During the early days of my meditation practice I recall attending a meditation workshop on Primordial Meditation, Deepak Chopra’s version of Transcendental Meditation and on video he stated that there was no such thing as a bad meditation. I have held to this belief through good times and bad.

Imagine my concern recently to listen to a podcast from one of my favourite CBC broadcasts – Tapestry (Tapestry is a weekly exploration of spirituality, religion and the search for meaning.) and hear Professor Ralph Purser accuse the military and corporations of hijacking mindfulness for their own nefarious purposes. Could it be true? Can meditation be put to negative use?

The professor’s premise is that mindfulness is being used by corporations as a stress reduction tool to maximize profits, and by the military to help soldiers become more focussed. I listened with dismay – had my premise been fallacious all these years. Then the interviewer asked a question about the writer’s strong negative critique of Jon Kabat-Zynn on the ground he introduced mindfulness to corporations and the elite.

At this point Purser’s credibility dissipated. I have a great respect for Jon Kabat-Zynn as a teacher and a human being. Perhaps I am not wrong after all. I found 4,970 Google hits for the words, “there is no such thing as a bad meditation” so I have numbers on my side. I am also in the company of such luminaries as renowned author and motivational speaker the late Dr. Wayne Dyer who always stated the same.

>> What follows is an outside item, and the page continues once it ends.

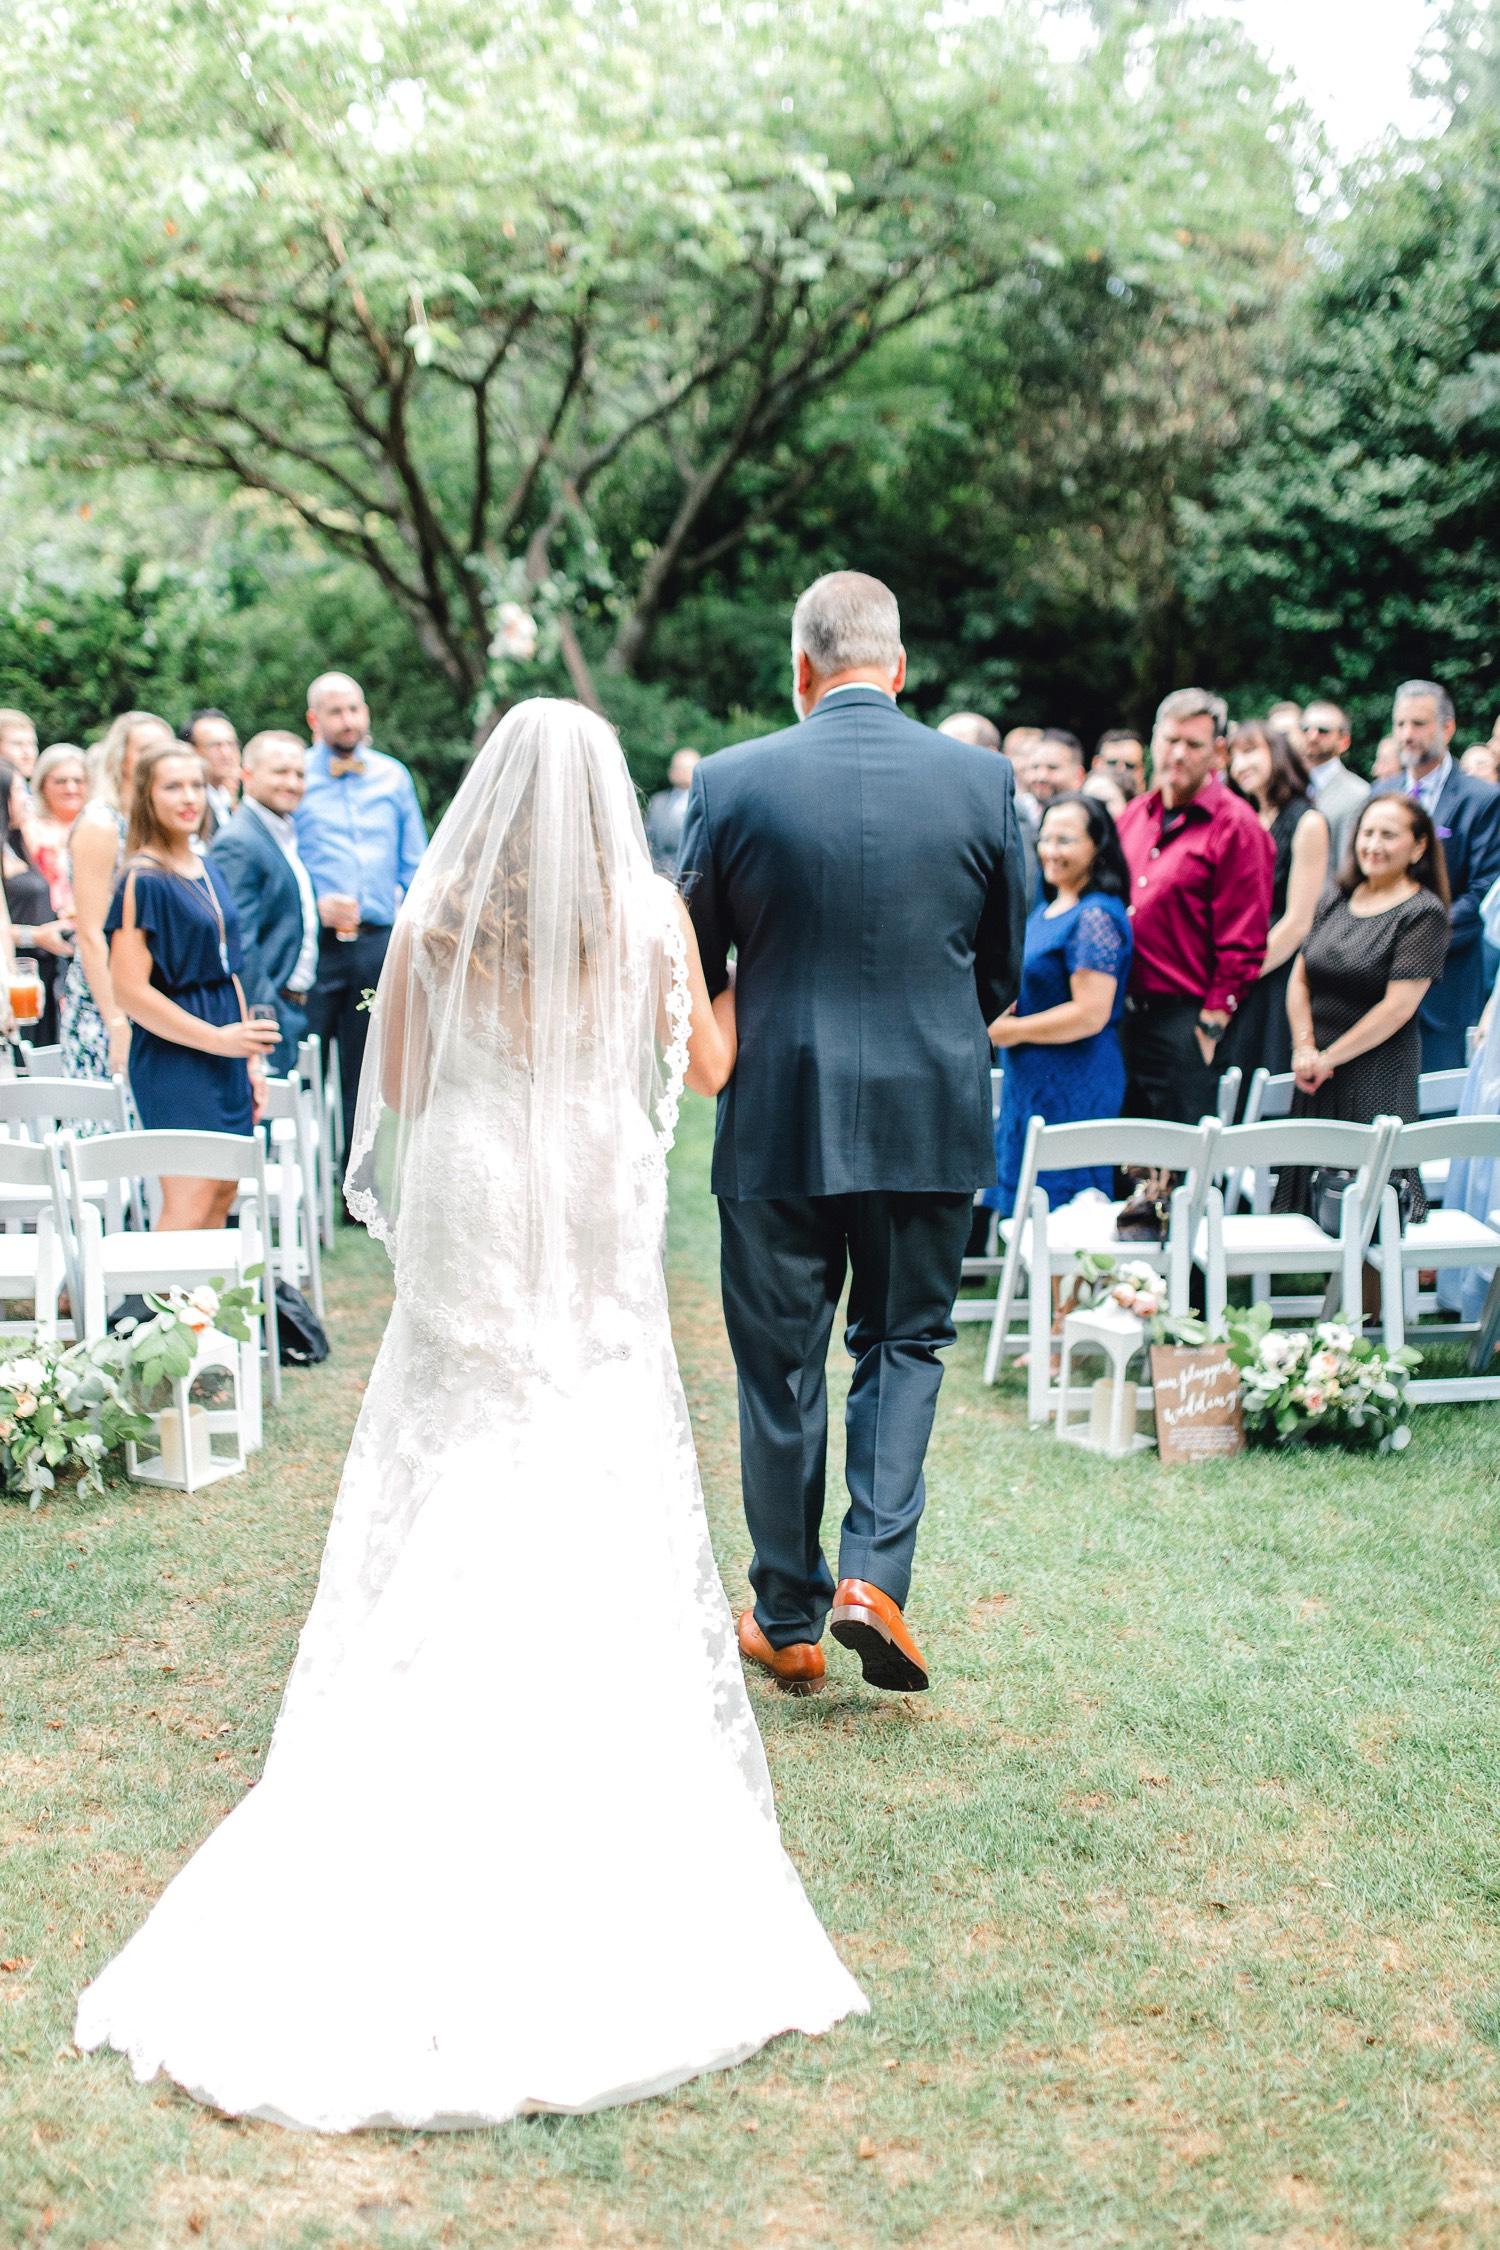 0000000000050_emmarosecompany_katiematt-3341_Photographer_PNW_House_Robinswood_Emma_Light_Company_Airy_Rose_and_Wedding_Seattle.jpg

American philosopher Ken Wilbur suggests that meditation can accelerate the development of human consciousness and that the only way to test this hypothesis is to begin meditation. I feel meditation is a bit like a wonder drug except it is free with no side effects. Proven benefits include reducing stress, stimulating the immune system, increasing blood flow, regulating the heart beat, improving mood, activating the intuitive faculties, strengthening neural pathways, and improving compassion and empathy.

Dr. Andrew Weil sent me an email summarizing the seven benefits of meditation that he is aware of then I encountered a wonderful book by Rick Hansen titled, “ Buddha’s Brain – the practical neuroscience of happiness, love and wisdom which listed a dozen more. It is easy to convince yourself of the positives of meditation if you take the trouble to review the data.

The military may think they can use mindfulness meditation to create better soldiers, and corporations may consider they can improve profitability by reducing stress but what do they really know? Perhaps this is more like a Trojan Horse that looks like a gift but insidiously begins a process of creating better, more self aware human beings that change the very institutions that thought they were controlling them.

It is these institutions that most need a shift of hearts and minds and I suspect that more will be accomplished by Jon Kabatt-Zynn bringing mindfulness to corporate and world leaders than will ever be achieved by the attacks of the professor.